### EXTRACTED RECORDS
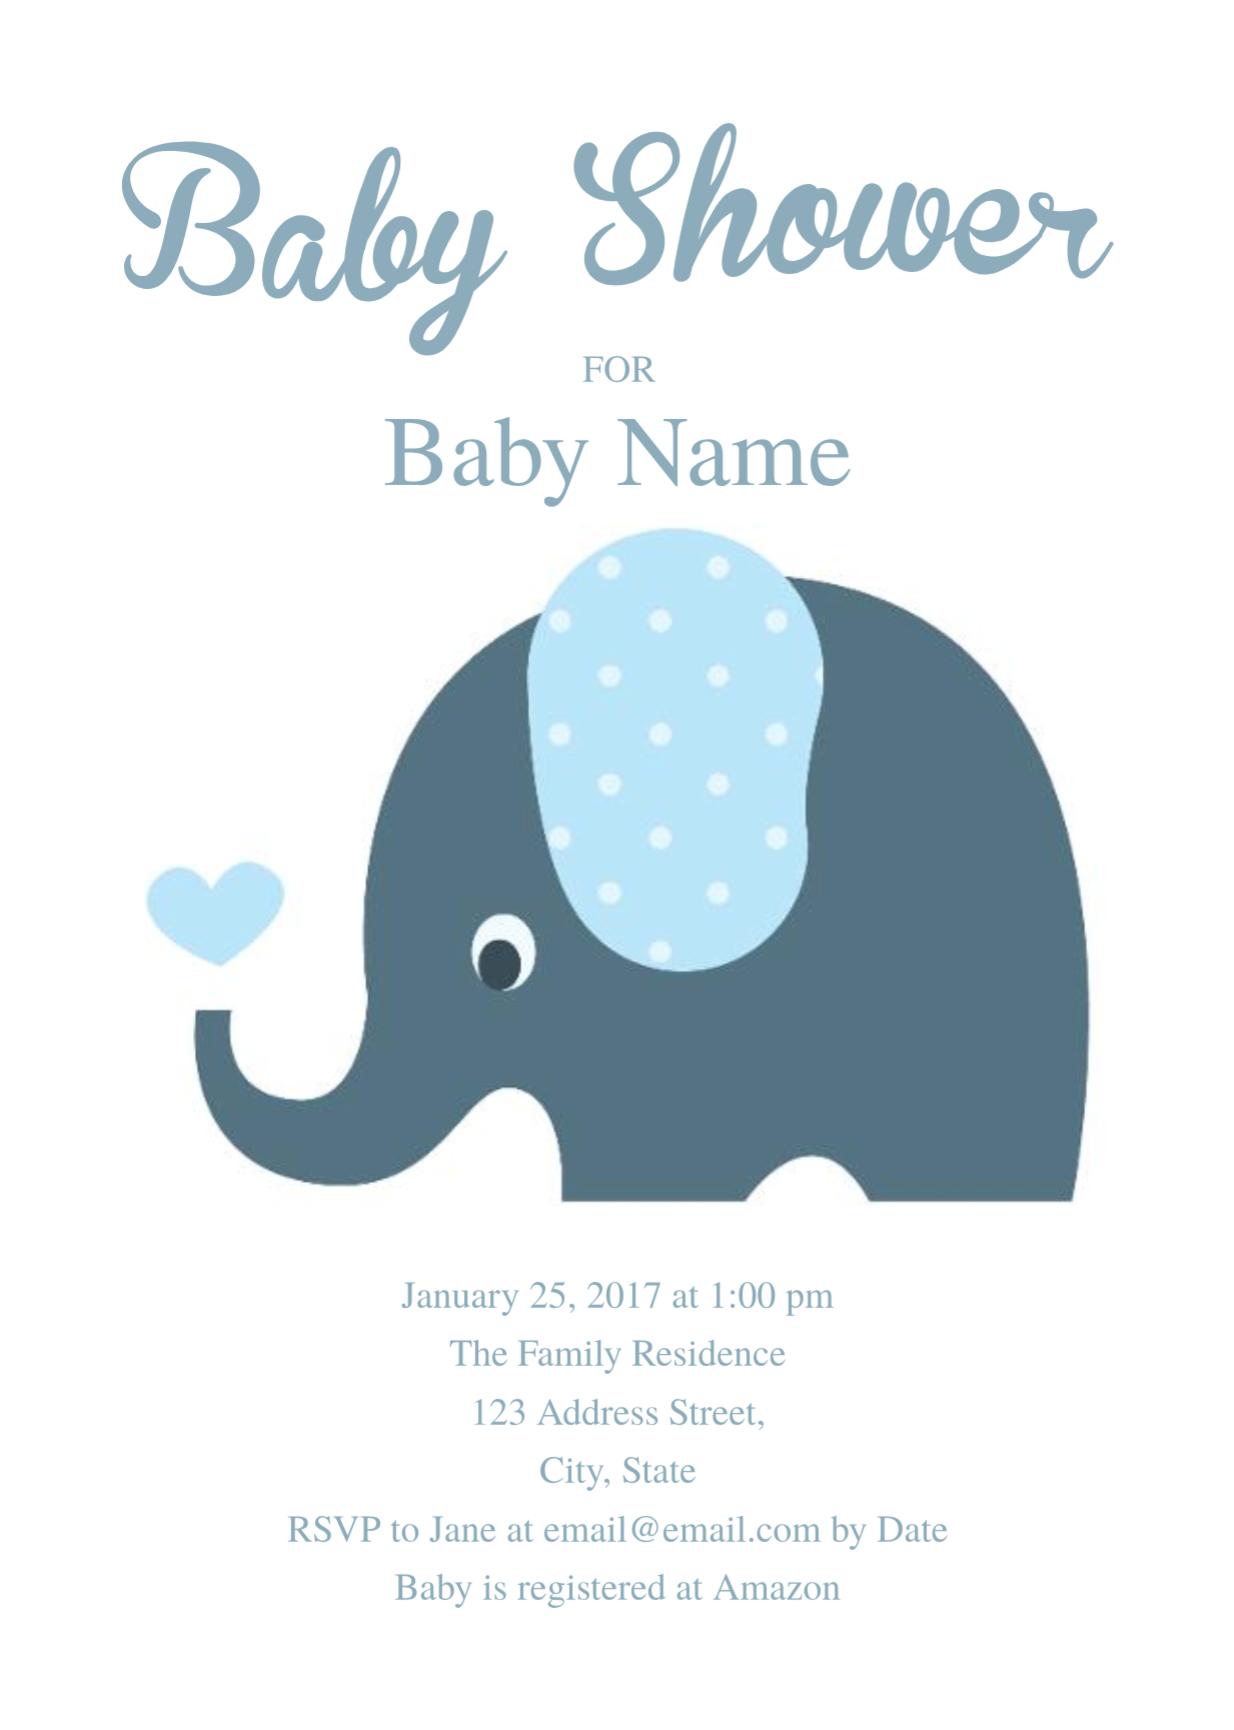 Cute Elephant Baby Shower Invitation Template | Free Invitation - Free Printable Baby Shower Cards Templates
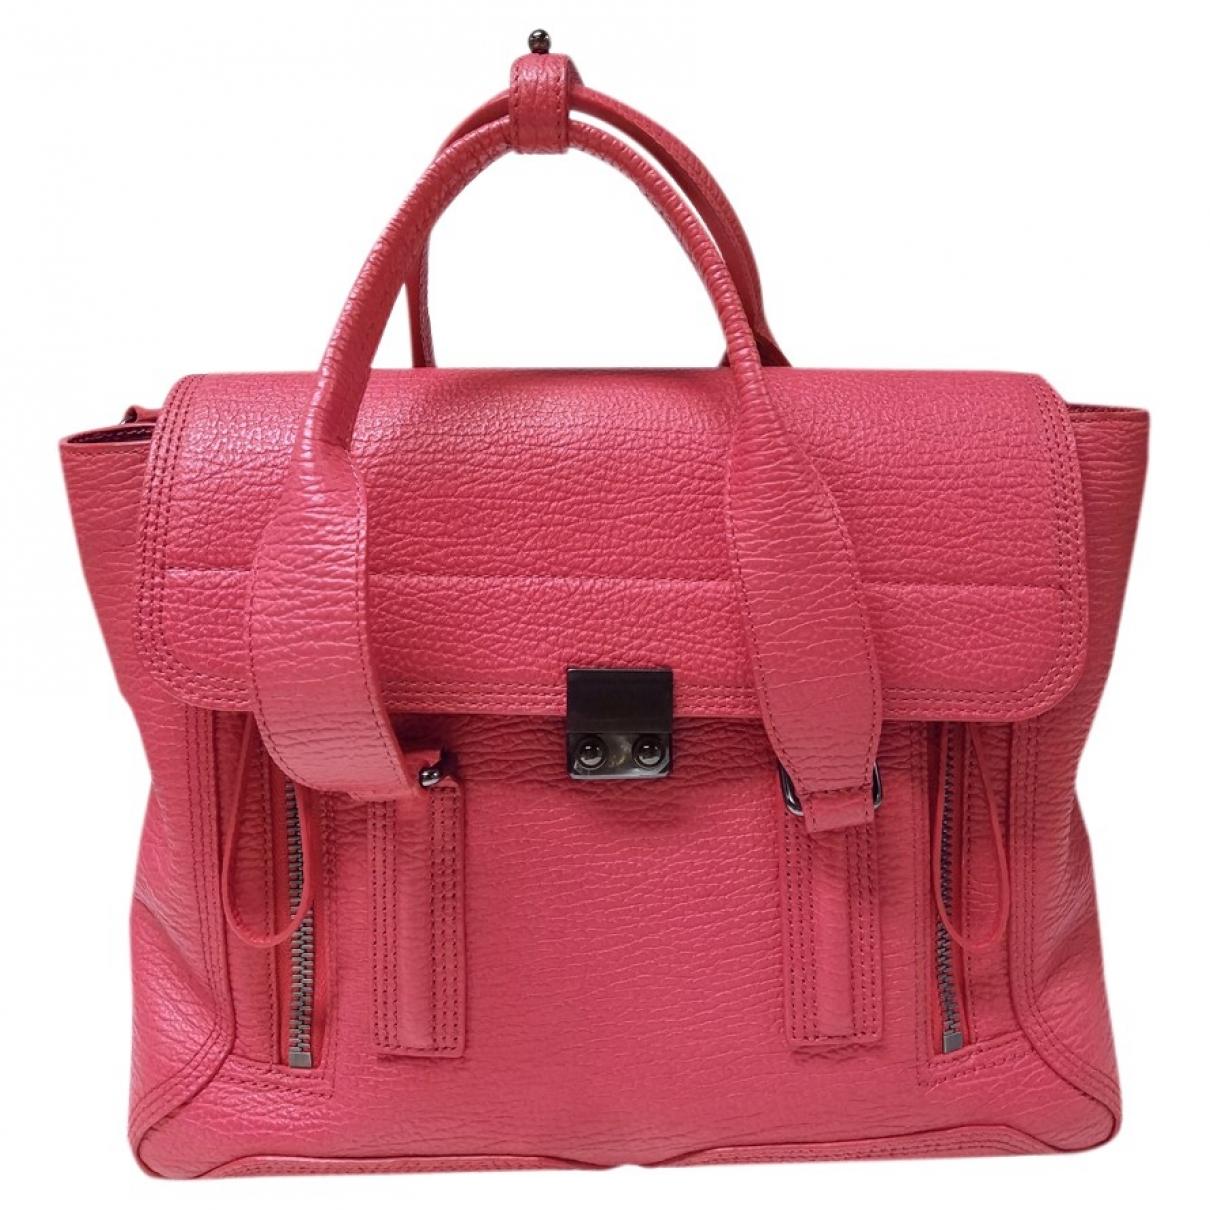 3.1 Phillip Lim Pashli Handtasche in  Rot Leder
######
### EXTRACTED RECORDS
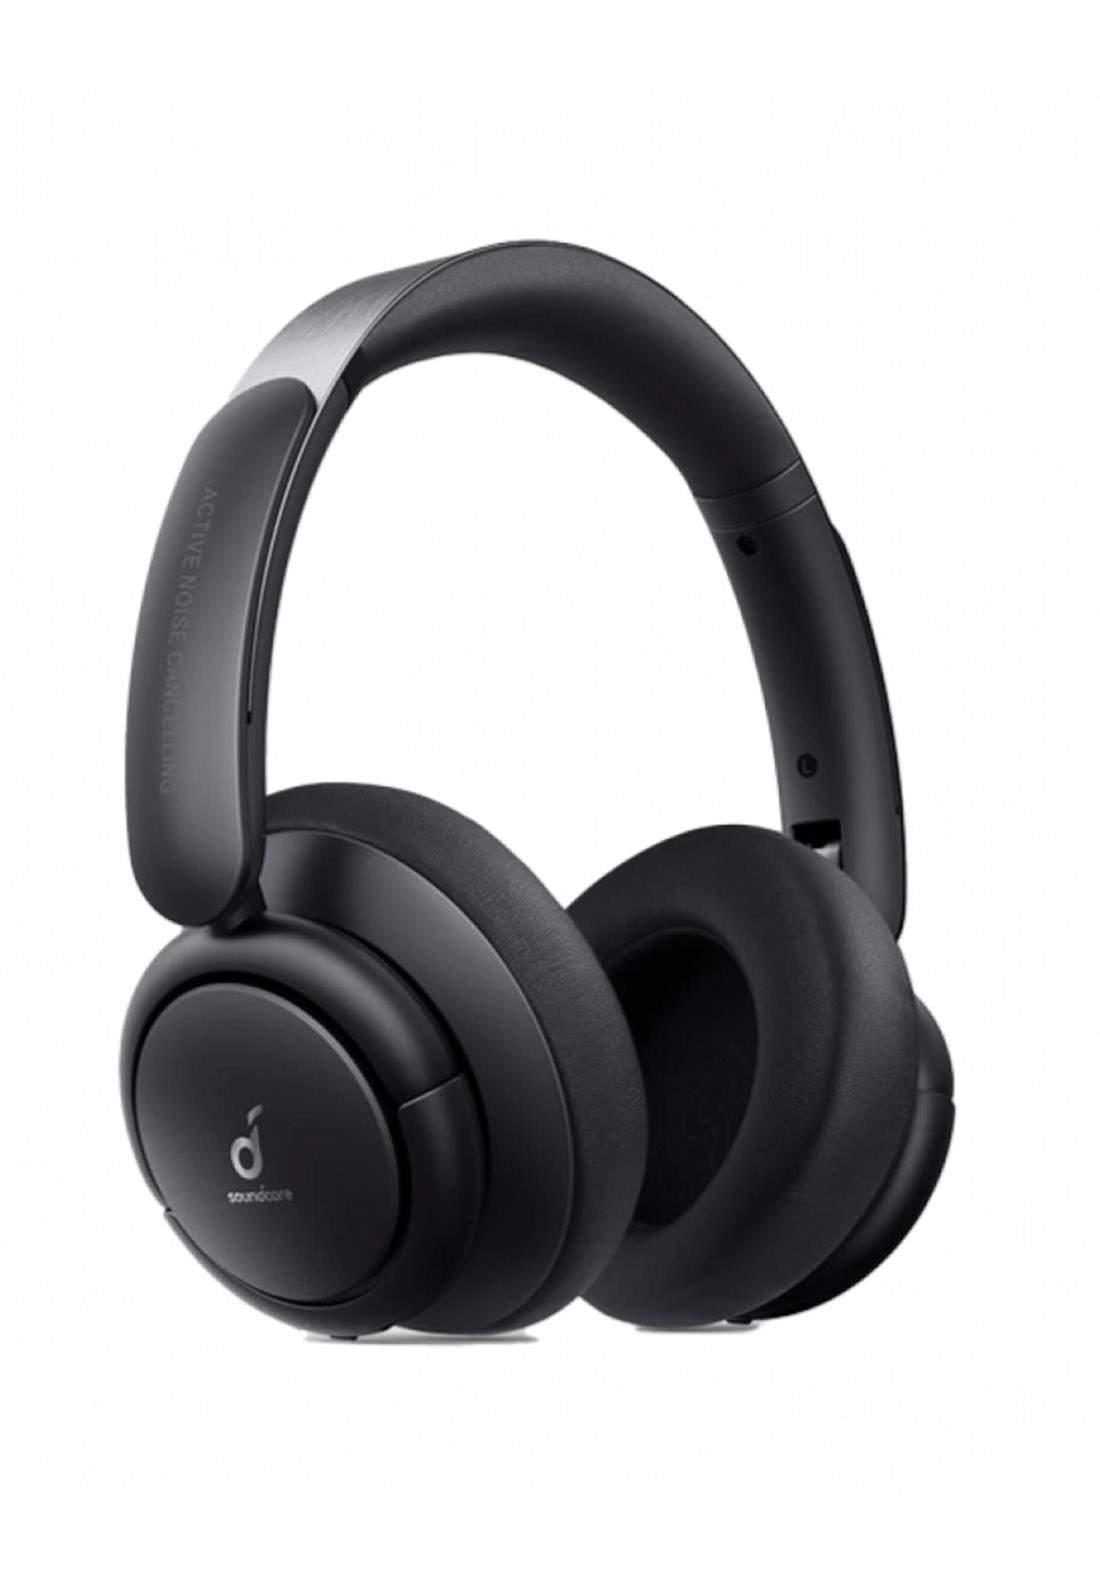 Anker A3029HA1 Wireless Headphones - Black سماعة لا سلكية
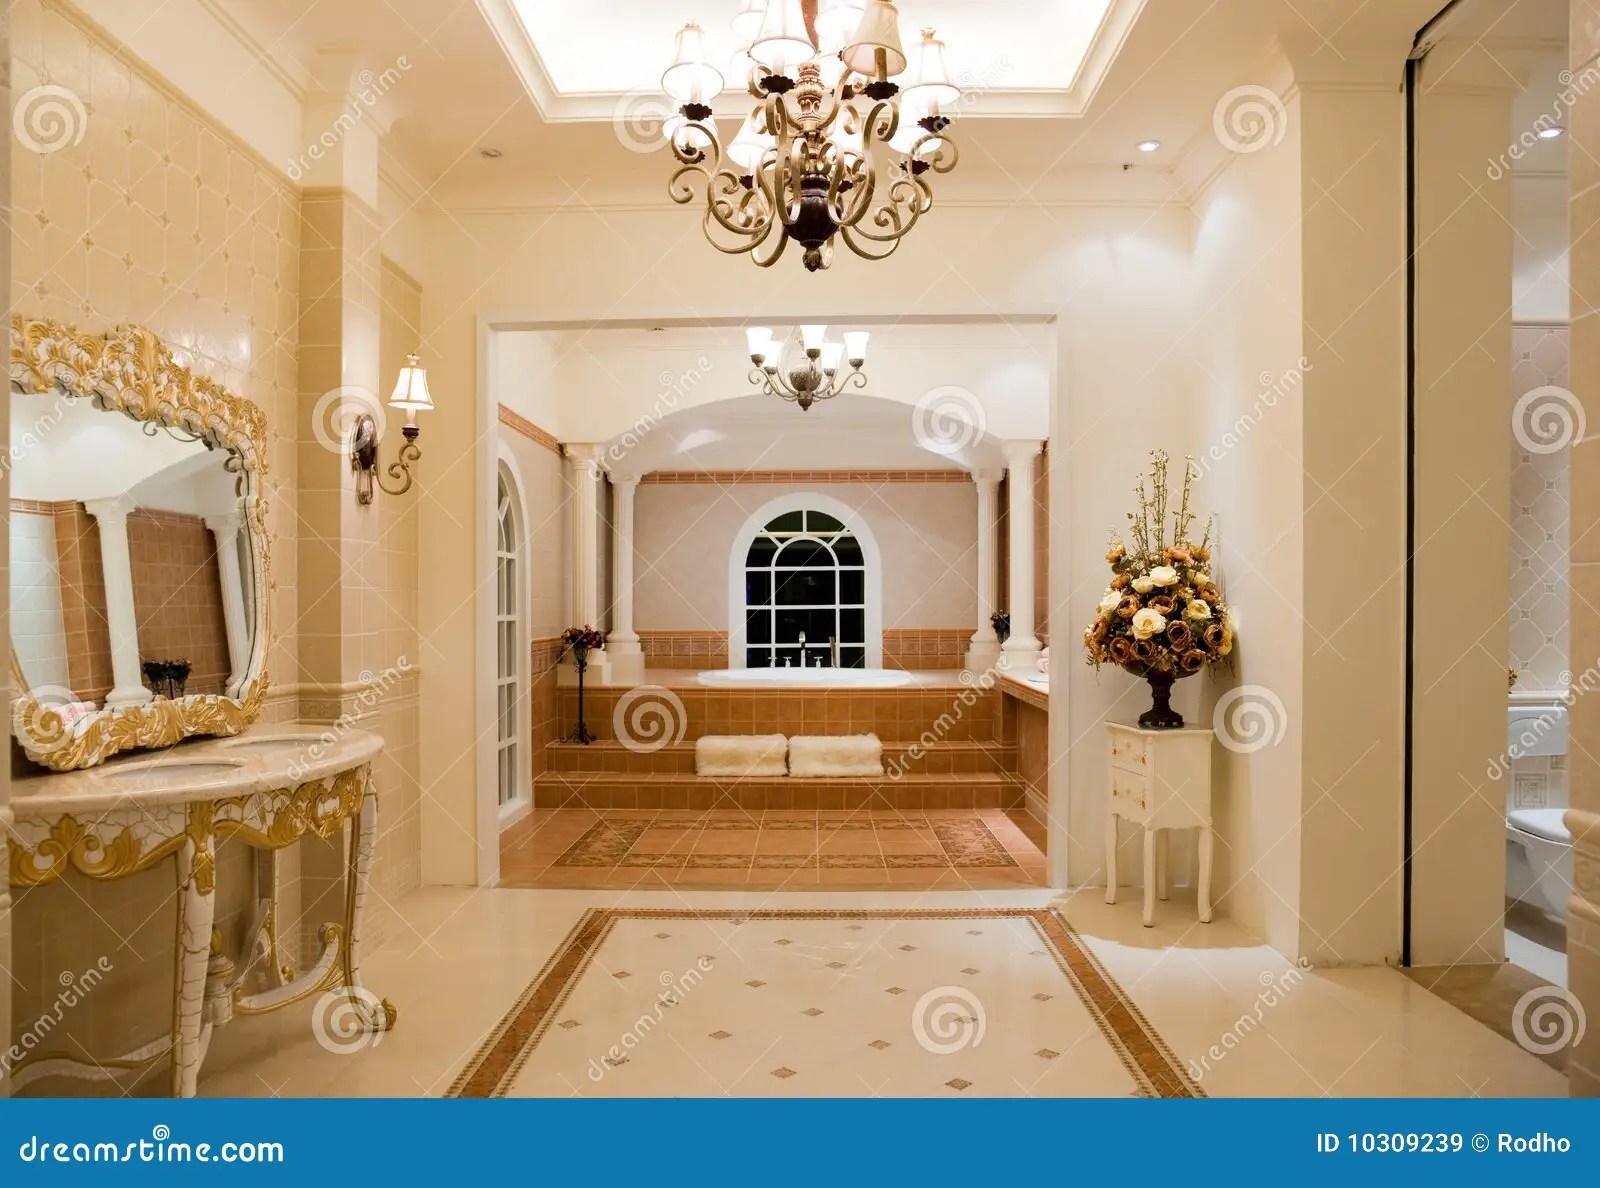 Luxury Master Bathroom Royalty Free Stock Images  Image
######
### EXTRACTED RECORDS
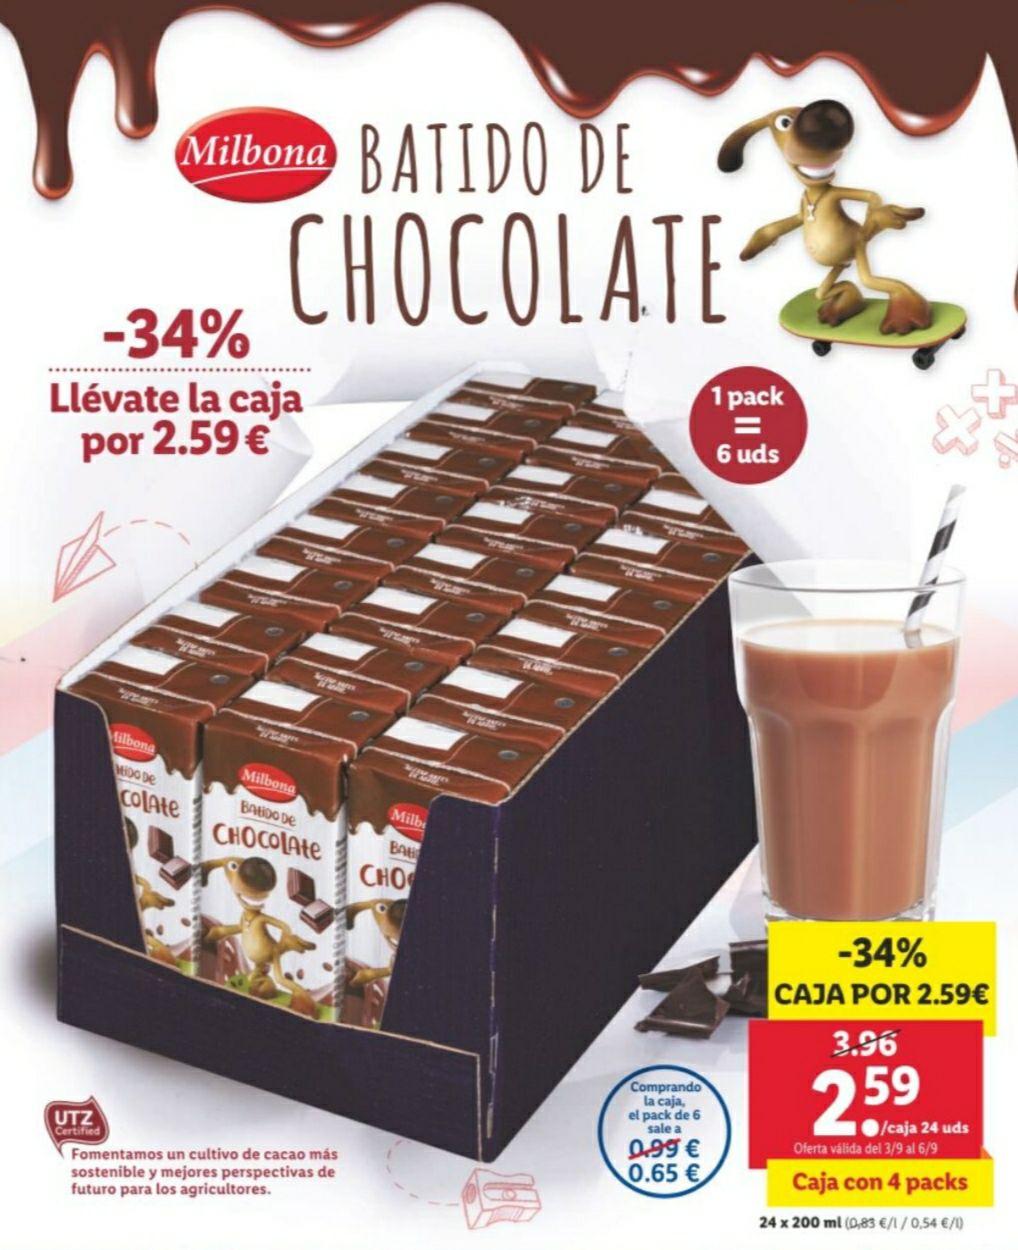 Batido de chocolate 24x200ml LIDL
######
_EXERCISE_.
Copy exactly the lines of the listing above between the one holding "Cute Elephant Baby" and the one holding "3.1 Phillip Lim", inclusive; omit all pictures.

_RESPONSE AREA_.
 Cute Elephant Baby Shower Invitation Template | Free Invitation - Free Printable Baby Shower Cards Templates
 3.1 Phillip Lim Pashli Handtasche in  Rot Leder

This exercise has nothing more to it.